A review by rebeccacider
Mythago Wood by Robert Holdstock

Mixed feelings about this one. The first section is one of the most atmospheric dark fantasies I've had the pleasure of reading. The slow progression of horror, of being simultaneously engulfed by a malevolent wood and by the legacy of a parent, is genuinely haunting.

The rest of the novel was inventive, but exchanges much of the psychological horror for a more linear adventure narrative. There's an interesting character study embedded here - Stephen is Guiwenneth; she is his anima. Likewise, the monsters that populate Ryhope Wood are aspects of a man whose childhood and war experience have left him deeply scarred. But Stephen never fully acknowledges the parallels between the wood's landscape and his internal landscape; till the end he views the mythagos as creatures to conquer or possess rather than externalized aspects of his psyche. If his lack of self-awareness was meant to be an indictment of the character, it was too subtle to register with this reader.

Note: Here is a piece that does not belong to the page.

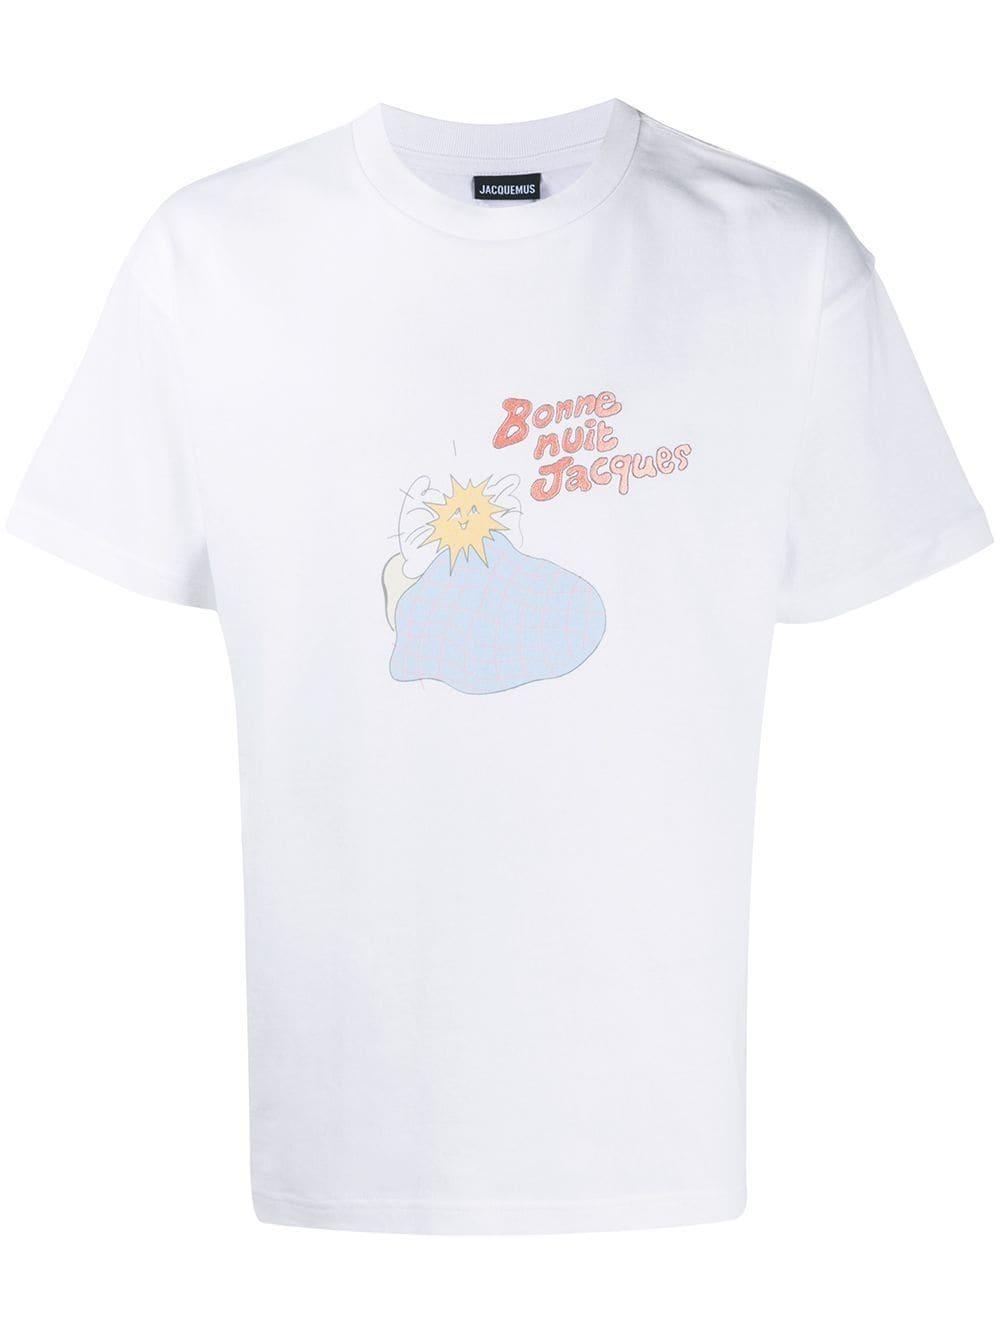 Jacquemus Bonne Nuit Jacques Printed T-shirt in White for Men | Lyst

Nevertheless, Ryhope Wood was quite a setting. I don't think I've read another work that fully captured the experience of stumbling upon a ruin in the woods and feeling as if you've been transported into the past, or into a dream. The Celtic and pre-Celtic elements are robust, although the fixation with "folklore as historical record" felt dated, and the whole "racial memory" thing is cringeworthy, if on brand for a 1940s setting.

On the whole an imperfect novel, but certainly succeeds as a work of imagination.